== Information provided ==

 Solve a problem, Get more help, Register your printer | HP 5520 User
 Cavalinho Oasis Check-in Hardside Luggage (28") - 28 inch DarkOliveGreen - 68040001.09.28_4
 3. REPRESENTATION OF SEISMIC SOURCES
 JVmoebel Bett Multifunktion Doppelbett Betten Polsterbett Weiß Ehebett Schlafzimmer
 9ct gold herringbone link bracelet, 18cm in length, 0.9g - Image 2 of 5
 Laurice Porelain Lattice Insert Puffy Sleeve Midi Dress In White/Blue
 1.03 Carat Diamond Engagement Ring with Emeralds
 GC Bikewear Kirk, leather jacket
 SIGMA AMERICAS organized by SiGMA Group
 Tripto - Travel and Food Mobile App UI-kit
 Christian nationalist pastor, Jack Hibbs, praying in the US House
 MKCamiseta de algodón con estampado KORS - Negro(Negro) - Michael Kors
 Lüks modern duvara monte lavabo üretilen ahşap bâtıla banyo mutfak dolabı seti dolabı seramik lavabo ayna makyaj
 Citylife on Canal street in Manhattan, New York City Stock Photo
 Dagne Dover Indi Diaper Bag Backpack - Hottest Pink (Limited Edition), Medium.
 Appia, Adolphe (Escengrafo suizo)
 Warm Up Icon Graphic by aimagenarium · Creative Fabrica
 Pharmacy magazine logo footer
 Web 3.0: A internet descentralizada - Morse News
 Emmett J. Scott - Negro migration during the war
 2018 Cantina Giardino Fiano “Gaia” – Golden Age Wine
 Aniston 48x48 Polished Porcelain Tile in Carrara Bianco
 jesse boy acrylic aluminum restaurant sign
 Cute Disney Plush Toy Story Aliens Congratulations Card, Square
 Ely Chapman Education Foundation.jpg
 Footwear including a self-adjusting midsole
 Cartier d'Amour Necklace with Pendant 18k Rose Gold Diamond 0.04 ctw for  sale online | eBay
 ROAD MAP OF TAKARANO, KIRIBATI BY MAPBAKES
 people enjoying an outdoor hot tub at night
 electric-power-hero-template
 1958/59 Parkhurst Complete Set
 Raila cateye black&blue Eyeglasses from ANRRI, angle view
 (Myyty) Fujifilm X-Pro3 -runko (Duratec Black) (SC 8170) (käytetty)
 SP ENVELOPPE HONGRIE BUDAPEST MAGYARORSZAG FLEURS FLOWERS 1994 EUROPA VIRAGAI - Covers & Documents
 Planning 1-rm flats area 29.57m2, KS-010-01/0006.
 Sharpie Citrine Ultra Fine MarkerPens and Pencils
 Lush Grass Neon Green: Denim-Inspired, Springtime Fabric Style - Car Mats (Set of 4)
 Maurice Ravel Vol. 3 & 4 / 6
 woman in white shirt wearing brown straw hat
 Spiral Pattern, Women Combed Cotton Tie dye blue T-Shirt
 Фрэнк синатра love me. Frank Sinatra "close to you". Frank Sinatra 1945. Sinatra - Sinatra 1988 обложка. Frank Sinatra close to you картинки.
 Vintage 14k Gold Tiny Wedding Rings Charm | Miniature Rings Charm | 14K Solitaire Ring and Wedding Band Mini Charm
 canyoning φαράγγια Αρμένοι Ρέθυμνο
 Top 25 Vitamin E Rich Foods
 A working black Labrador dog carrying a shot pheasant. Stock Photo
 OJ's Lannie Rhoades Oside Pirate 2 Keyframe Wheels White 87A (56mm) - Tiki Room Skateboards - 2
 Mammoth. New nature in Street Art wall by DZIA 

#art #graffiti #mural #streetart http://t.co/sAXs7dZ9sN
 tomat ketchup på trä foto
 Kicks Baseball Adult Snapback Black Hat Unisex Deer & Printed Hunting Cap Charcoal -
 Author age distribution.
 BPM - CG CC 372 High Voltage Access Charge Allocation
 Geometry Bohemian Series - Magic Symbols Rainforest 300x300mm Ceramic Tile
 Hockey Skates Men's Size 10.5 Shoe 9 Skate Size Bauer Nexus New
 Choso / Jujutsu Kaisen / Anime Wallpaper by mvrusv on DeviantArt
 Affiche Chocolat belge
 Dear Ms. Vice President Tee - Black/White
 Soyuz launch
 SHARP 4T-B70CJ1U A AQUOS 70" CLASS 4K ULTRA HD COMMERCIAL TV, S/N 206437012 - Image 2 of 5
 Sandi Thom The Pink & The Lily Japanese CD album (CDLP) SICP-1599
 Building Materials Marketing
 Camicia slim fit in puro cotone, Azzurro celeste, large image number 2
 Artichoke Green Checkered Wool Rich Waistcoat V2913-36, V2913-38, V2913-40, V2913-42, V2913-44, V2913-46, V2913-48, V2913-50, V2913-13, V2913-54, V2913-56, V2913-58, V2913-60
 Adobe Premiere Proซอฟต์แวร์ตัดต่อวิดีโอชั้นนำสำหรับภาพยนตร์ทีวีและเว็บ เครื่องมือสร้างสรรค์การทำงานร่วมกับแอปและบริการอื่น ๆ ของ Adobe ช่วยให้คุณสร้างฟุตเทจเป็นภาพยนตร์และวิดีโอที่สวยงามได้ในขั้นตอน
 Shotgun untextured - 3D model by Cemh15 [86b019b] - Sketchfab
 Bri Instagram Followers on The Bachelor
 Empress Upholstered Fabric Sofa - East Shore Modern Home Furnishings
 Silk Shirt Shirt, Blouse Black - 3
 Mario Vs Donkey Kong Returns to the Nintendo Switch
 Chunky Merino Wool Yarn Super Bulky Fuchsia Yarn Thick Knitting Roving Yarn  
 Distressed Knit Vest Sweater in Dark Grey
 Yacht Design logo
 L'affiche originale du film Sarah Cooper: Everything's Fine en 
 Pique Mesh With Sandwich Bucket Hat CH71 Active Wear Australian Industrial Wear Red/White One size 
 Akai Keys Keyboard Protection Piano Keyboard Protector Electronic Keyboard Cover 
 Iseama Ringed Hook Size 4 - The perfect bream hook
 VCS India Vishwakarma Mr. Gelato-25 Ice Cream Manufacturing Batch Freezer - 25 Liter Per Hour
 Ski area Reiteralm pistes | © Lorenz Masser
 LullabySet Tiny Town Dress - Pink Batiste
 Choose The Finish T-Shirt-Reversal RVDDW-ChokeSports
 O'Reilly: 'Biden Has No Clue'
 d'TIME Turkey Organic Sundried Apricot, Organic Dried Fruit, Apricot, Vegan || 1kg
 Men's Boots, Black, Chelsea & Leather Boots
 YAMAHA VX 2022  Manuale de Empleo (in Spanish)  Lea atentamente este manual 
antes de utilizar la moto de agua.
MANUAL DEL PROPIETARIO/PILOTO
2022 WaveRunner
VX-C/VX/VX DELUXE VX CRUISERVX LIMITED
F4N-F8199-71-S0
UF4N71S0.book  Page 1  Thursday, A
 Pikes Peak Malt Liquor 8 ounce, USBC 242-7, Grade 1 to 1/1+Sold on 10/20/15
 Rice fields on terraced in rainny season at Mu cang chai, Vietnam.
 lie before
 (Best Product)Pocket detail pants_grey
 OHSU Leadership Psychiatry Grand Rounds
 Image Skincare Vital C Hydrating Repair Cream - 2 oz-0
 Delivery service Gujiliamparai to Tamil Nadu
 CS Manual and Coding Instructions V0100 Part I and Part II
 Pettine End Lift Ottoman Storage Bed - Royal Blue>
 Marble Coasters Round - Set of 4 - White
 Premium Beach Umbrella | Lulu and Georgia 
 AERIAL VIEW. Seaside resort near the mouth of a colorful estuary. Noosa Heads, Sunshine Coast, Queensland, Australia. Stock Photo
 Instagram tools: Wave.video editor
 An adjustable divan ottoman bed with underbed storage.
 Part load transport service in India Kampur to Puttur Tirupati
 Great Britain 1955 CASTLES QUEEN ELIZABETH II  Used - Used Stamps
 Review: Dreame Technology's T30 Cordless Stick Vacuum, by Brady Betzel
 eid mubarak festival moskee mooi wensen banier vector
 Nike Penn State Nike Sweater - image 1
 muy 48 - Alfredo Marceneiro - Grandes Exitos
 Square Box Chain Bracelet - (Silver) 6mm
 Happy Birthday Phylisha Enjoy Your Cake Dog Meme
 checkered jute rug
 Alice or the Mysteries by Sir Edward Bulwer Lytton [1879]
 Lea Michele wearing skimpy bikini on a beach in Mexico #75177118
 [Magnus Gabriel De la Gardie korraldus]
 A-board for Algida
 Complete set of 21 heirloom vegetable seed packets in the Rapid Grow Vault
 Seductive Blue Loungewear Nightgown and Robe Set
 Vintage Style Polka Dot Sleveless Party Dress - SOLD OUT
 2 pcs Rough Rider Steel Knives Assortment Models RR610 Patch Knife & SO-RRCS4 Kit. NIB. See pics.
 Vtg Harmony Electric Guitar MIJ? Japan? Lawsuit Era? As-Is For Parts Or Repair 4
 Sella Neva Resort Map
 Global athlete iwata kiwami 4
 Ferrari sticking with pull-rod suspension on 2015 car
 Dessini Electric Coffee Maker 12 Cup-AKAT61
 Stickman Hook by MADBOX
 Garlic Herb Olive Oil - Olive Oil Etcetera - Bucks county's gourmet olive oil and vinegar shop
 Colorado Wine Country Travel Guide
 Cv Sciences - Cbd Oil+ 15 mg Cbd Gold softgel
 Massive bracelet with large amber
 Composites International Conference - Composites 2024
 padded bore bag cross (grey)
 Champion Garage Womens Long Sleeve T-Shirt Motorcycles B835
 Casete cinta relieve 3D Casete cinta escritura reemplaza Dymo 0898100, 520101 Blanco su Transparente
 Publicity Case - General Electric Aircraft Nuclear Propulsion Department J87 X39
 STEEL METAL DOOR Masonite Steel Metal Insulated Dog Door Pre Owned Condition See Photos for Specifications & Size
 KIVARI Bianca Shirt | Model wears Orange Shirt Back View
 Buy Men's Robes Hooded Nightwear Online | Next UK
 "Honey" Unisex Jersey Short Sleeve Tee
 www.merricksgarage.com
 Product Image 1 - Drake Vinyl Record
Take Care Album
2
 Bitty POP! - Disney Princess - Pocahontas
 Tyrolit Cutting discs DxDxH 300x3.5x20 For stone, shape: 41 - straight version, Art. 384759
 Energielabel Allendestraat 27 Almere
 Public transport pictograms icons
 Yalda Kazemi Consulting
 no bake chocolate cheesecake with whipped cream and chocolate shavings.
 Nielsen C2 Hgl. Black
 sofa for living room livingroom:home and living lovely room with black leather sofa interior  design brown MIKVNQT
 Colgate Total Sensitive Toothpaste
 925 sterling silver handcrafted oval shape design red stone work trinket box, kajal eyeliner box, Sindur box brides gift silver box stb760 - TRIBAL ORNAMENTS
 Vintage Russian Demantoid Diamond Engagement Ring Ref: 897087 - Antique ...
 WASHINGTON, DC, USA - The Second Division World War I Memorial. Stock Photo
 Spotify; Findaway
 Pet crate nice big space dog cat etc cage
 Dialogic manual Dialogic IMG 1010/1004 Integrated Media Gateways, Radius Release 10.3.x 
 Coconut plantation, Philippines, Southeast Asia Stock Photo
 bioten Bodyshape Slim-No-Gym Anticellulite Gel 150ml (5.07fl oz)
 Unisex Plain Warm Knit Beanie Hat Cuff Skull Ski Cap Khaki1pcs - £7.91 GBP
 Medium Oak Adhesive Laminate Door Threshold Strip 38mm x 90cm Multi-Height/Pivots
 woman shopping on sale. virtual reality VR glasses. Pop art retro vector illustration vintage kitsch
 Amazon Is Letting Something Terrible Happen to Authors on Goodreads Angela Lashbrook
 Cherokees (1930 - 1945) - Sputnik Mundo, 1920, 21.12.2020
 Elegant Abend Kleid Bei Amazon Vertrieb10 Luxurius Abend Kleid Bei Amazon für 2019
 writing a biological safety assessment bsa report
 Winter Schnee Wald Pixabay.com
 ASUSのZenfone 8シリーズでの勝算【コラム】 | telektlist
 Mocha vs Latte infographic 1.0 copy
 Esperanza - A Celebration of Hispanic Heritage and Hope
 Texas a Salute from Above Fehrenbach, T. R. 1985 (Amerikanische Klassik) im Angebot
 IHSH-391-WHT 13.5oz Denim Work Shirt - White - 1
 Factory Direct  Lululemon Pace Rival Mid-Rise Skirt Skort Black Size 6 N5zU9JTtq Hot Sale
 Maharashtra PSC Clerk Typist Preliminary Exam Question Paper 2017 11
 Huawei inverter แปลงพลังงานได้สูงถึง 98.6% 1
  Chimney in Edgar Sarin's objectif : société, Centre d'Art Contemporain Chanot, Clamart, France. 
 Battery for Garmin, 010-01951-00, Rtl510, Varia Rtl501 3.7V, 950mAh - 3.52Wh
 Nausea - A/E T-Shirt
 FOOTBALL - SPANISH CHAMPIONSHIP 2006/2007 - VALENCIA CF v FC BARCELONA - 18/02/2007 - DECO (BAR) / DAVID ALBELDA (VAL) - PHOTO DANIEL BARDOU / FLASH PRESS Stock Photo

===

▶ [Exercise requirements]:
Copy the lines of the data above exactly as written, beginning with the line containing "Dialogic manual Dialogic" and ending with the line containing "Texas a Salute", and leave out all other lines.

▶ [Result of the task]:
 Dialogic manual Dialogic IMG 1010/1004 Integrated Media Gateways, Radius Release 10.3.x 
 Coconut plantation, Philippines, Southeast Asia Stock Photo
 bioten Bodyshape Slim-No-Gym Anticellulite Gel 150ml (5.07fl oz)
 Unisex Plain Warm Knit Beanie Hat Cuff Skull Ski Cap Khaki1pcs - £7.91 GBP
 Medium Oak Adhesive Laminate Door Threshold Strip 38mm x 90cm Multi-Height/Pivots
 woman shopping on sale. virtual reality VR glasses. Pop art retro vector illustration vintage kitsch
 Amazon Is Letting Something Terrible Happen to Authors on Goodreads Angela Lashbrook
 Cherokees (1930 - 1945) - Sputnik Mundo, 1920, 21.12.2020
 Elegant Abend Kleid Bei Amazon Vertrieb10 Luxurius Abend Kleid Bei Amazon für 2019
 writing a biological safety assessment bsa report
 Winter Schnee Wald Pixabay.com
 ASUSのZenfone 8シリーズでの勝算【コラム】 | telektlist
 Mocha vs Latte infographic 1.0 copy
 Esperanza - A Celebration of Hispanic Heritage and Hope
 Texas a Salute from Above Fehrenbach, T. R. 1985 (Amerikanische Klassik) im Angebot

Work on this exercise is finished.